We are currently building the complete back-end system for a very large event venue. The project includes everything from initial contract negotiations, event planning, automated invoices, and CRM. The system even goes so far as to give the food coordinators an interface that lets them make changes to seasonal menus and see how much food they need to buy in bulk for all the events this month. It’s a very complicated system, and has a lot of interlocked parts that rely on each other to function.
Added to that complexity, the client has a penchant for changing their minds. While we did an extensive wireframing phase, some details (or new details) are coming to light in the implementation phase that are requiring (sometimes) substantial changes in where information is presented in the workflow.
As an example, the event facility has a notion of “global discounts,” such as “book this event during the summer [which is off-season for them] and get 10% off.” In all the documentation we received, discounts were created as line items on an invoice. It wasn’t until half-way into development that they decided discounts should be a global idea, tied to a contract, and show up on any and all invoices for the client.

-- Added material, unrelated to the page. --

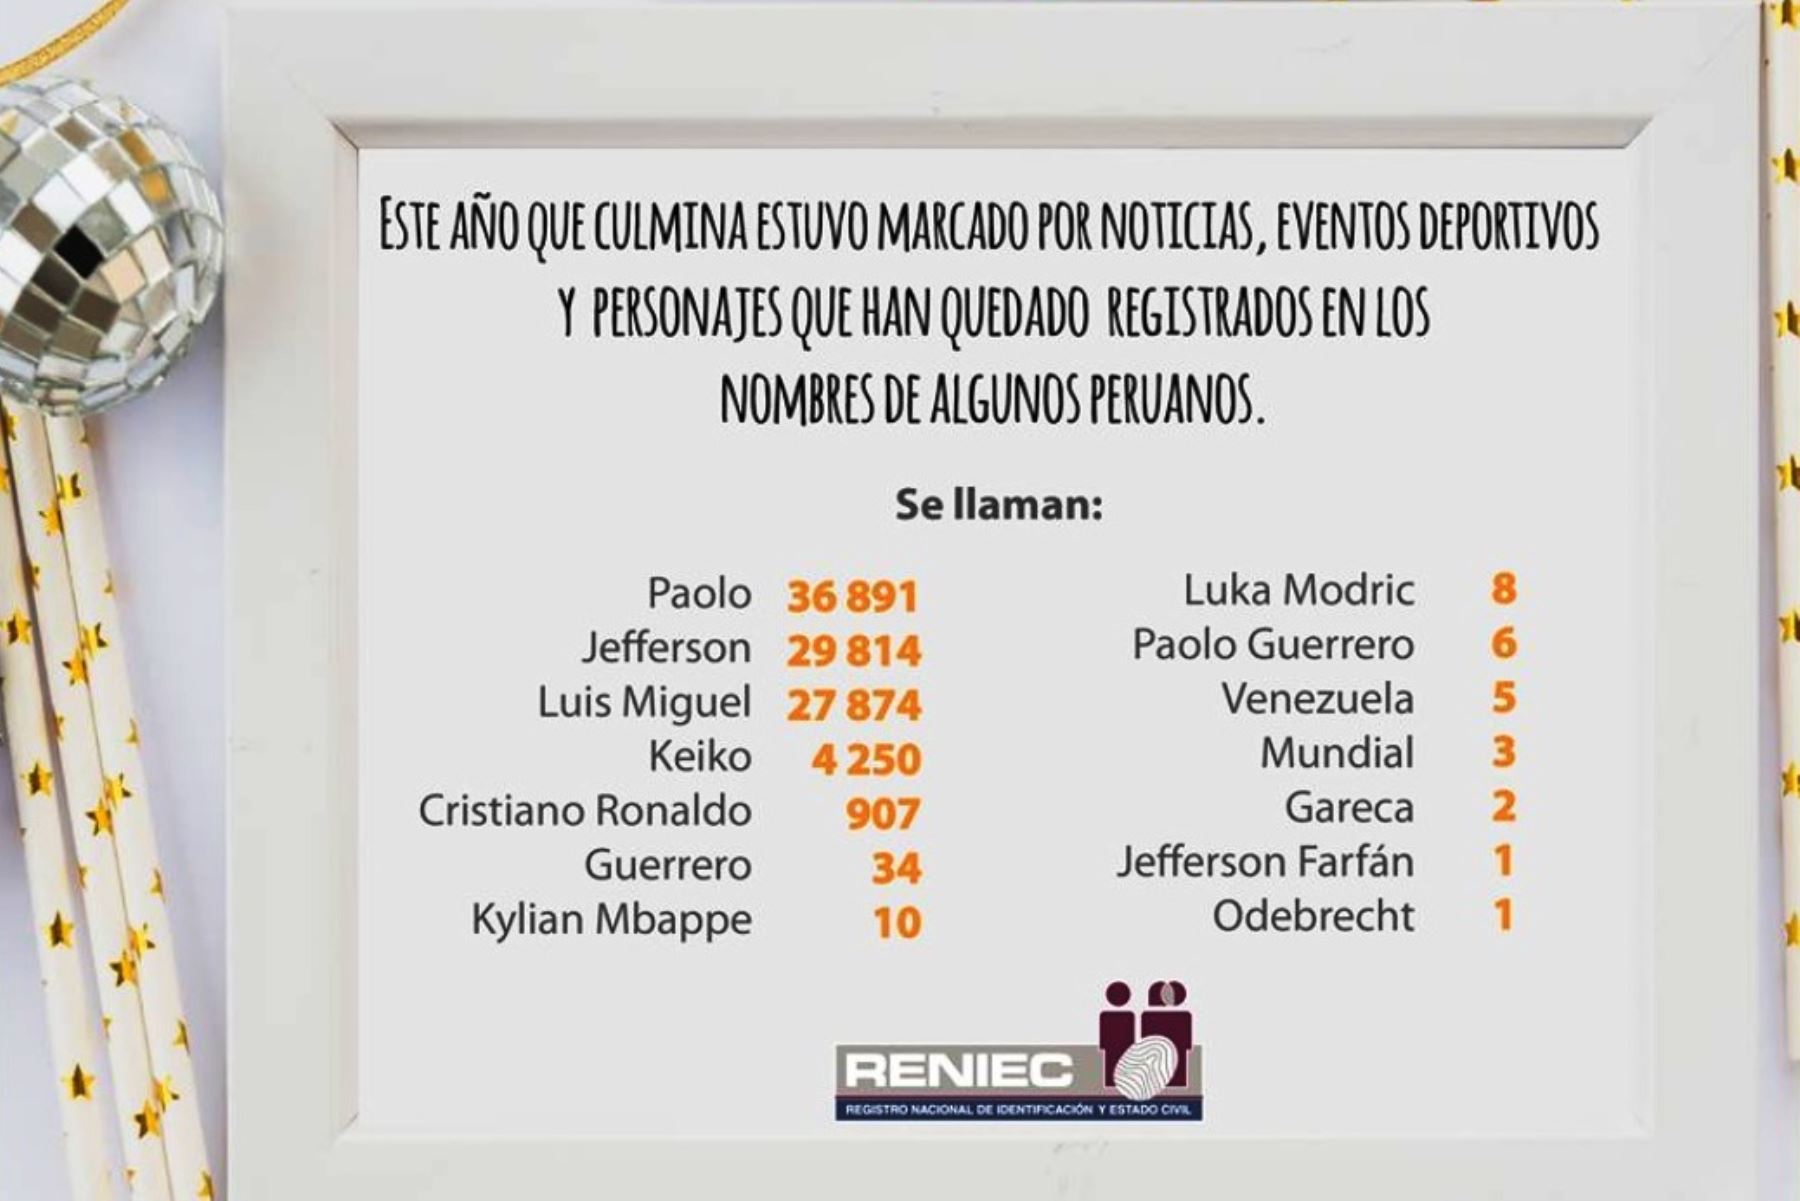 Reniec: peruanos que llevan nombres de personajes y hechos que marcaron el 2018. Foto: ANDINA/Difusión.

Obviously, this presented problems on both the back-end and front-end. In the back-end, the data had to live somewhere else (not where the invoices live). The front-end could have also been a disaster.
We had built a fairly complex (but intuitive on the front-end) method for the client to dynamically add discounts to an invoice and adjust the discount’s parameters on the page. Had we done this with traditional form-based HTML, it would have been a small nightmare to rip out all the code in order to move it to the contract modules. This is because traditional forms not only have the HTML to create the form, but also the PHP code required to act on a form submission.
Because the entire site is utilizing Ajax to store and edit data, we didn’t have these problems in the front-end. All of the user experience elements (text area, checkboxes, etc.) are completely modular and self-contained. In other words, a checkbox knows how to update the correct database entry and doesn’t require any external code to do so. Likewise, a text field updates the database field it points to as the user types. There is no secondary code sitting somewhere waiting for a form submission for that text box.
This self-contained modularity made it extremely simple to take the fields from one HTML file and put them on another one. Then the functionality simply works because it is independent of anything else that is on the page.
When a client is prone to changing their minds a lot, or when functionality is changed during the development cycle, it is imperative to minimize the risks and costs, especially for a client that might push back on scope creep charges. By developing functionality in a highly modular way, we have been able to mitigate the change of course by making it extremely easy to move parts of pages elsewhere without disrupting any other functionality on the page.